In order to overcome the aforesaid problem, researchers have introduced machine learning-based approaches with supervised techniques [64]. Various supervised classifiers viz. Standard and Multinomial Naïve Bayes and Support Vector Machine (SVM), have been used with uni-gram, bi-gram, Parts-Of-Speech (POS), and negation features. To improve the accuracy of sentiment extraction from the clinical corpus, the researchers utilized the hybrid framework that combines both linguistics and machine learning approaches [5, 58, 72].

Sohn et. al. [65] built an emotion identification system from suicide notes using the hybrid approach. The suicide notes provided by Informatics for Integrating Biology and the Bedside (I2B2) challenge organizers. Machine learning and rule-based combined approach were applied to the training dataset of the suicide notes. The approach provided micro-average score of 0.5640 as the F-Measure. Birks et. al. [4] employed RIPPER (Repeated Incremental Pruning to Produce Error Reduction), multinomial Naïve Bayes classifier, and manual pattern matching rules combined with hybrid approach for identifying emotions from the sentences. To this process, we have developed a domain-specific lexicon viz. WordNet of Medical Events (WME) for extracting medical concepts and their related POS, gloss, SSW, affinity score, gravity score, polarity score, and sentiment features [47].

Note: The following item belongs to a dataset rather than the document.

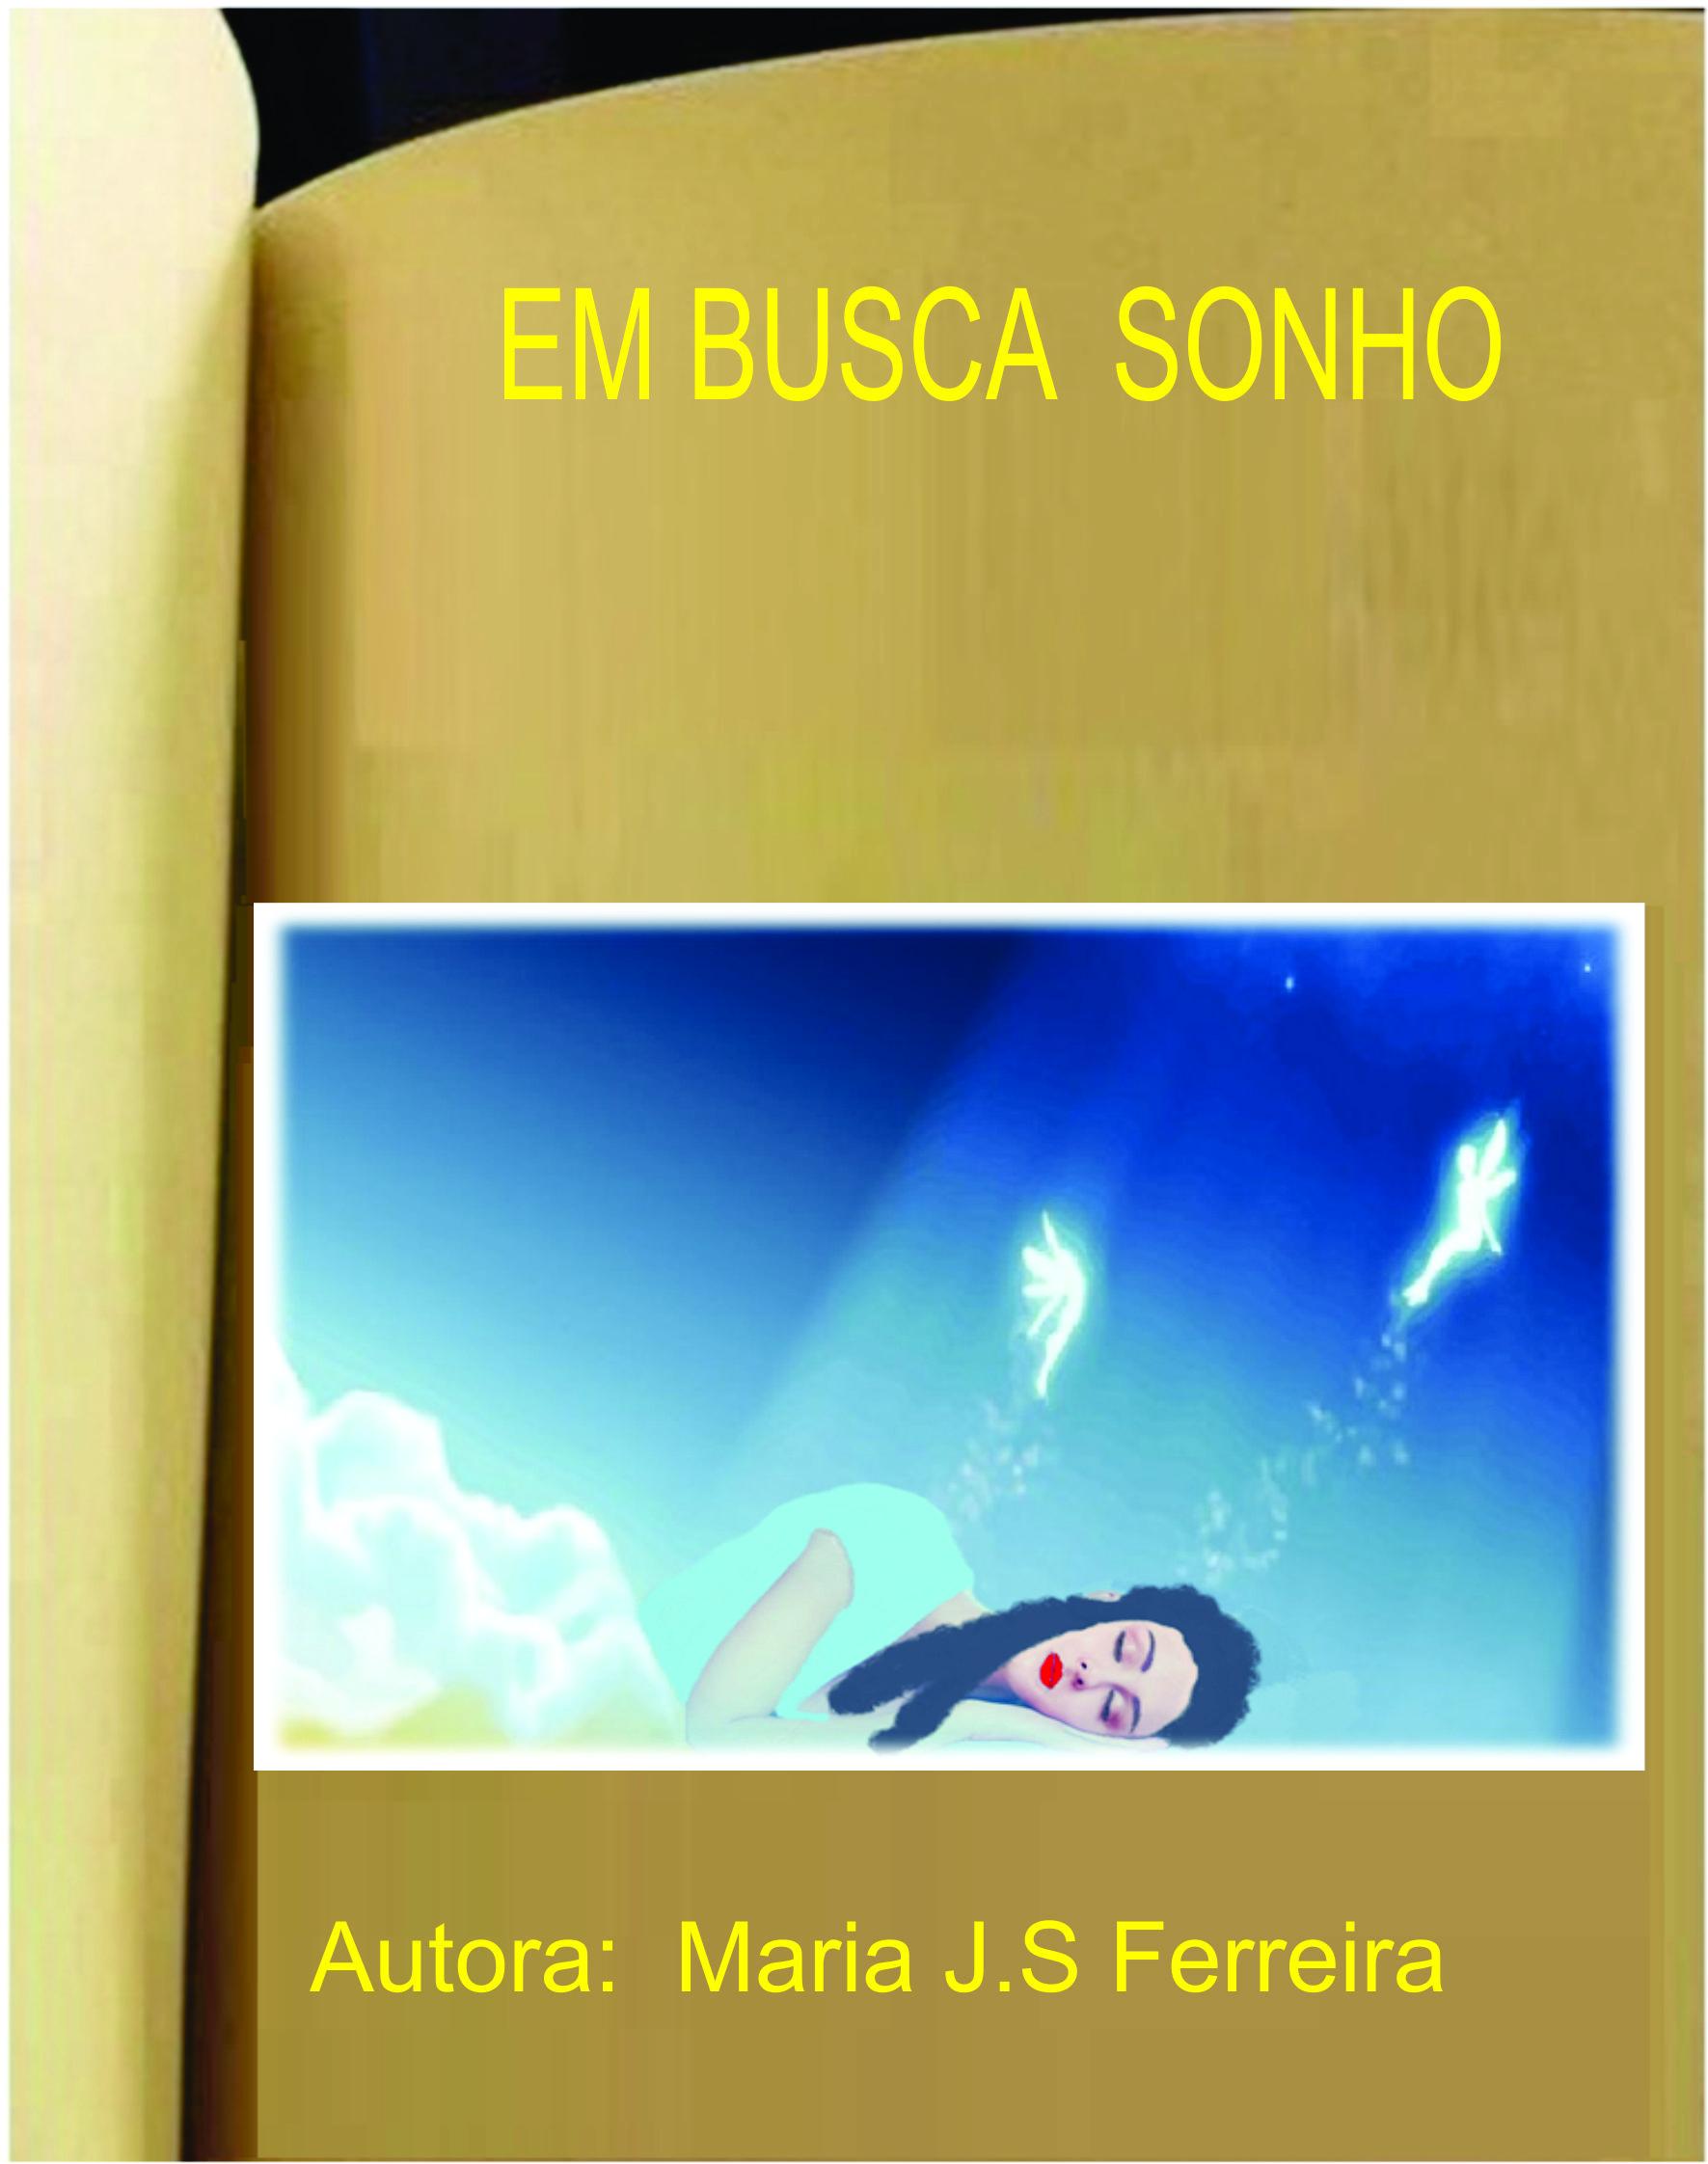 caa_em_busca_do_sonho_-_Cópia.jpg

Besides, to extract the semantic relations between the medical concepts, researchers have introduced several linguistic and conceptual features such as POS and gloss, and category of the concepts [60]. Kambhatla [35] used a linguistic feature-based method as the feature vector to identify the semantic relation. Embarek and Ferret [25] developed an alignment algorithm to extract the relations, like treats, signs, and cures from the medical entities (concepts) by constructing automatic patterns. Yetisgen-Yildiz et. al., [78] applied AMT technique to extract named-entities from clinical trial descriptions.

Moreover, the researchers have also proposed several well-known open source bio-medical annotation tools, like GENIA, PennBioIE, and GENETAG [38, 39, 70]. These tools assist in identifying the semantic relation of the concepts. To this process, they used heuristic rule-based approaches as the combination of the medical ontologies and standard information extraction techniques [50, 71]. Zhang et. al. [81] amalgamated tree and string kernels under machine learning approach to improve the accuracy of the semantic relation extraction system.

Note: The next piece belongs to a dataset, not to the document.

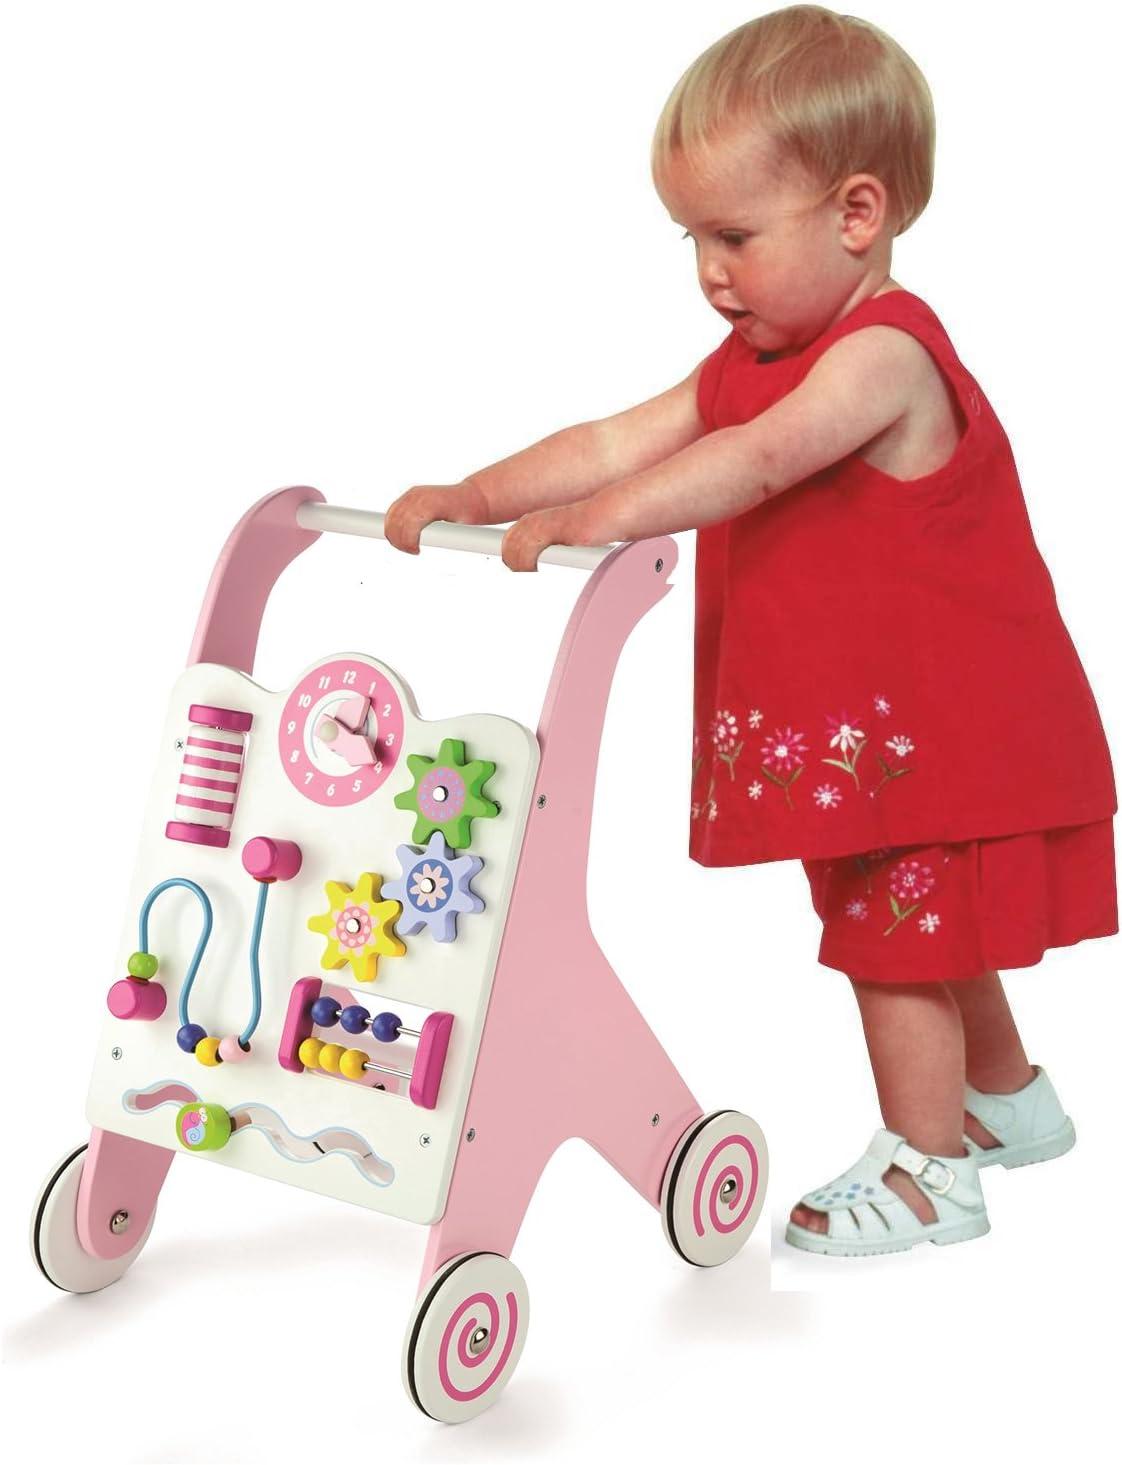 Viga First Steps Baby Walker Activity Centre #50178

In the present research, we have presented two conceptual features (namely, category and sentiment) extraction systems of medical concepts as well as contexts. The categorization system helps to assign five and 11 different types of categories for the concepts (e.g., symptoms) and the contexts (e.g., symptom-drug) respectively. On the other hand, the sentiment identification system assists in extracting positive and negative sentiment for both medical concepts and contexts. In order to design and validate both of the systems, we have combined WME 2.0 lexicon driven features and various well-known supervised classifiers as a hybrid approach.

Finally, we have amalgamated the extracted categories and sentiments of the medical concepts to build the semantic relation application, namely semantic clusters. The application provides support to the expert and non-expert groups for understanding the natural linking between medical concepts. Moreover, the category, sentiment, and semantic relation of the concepts will help to develop summarization and recommendation systems in Bio-NLP domain [22].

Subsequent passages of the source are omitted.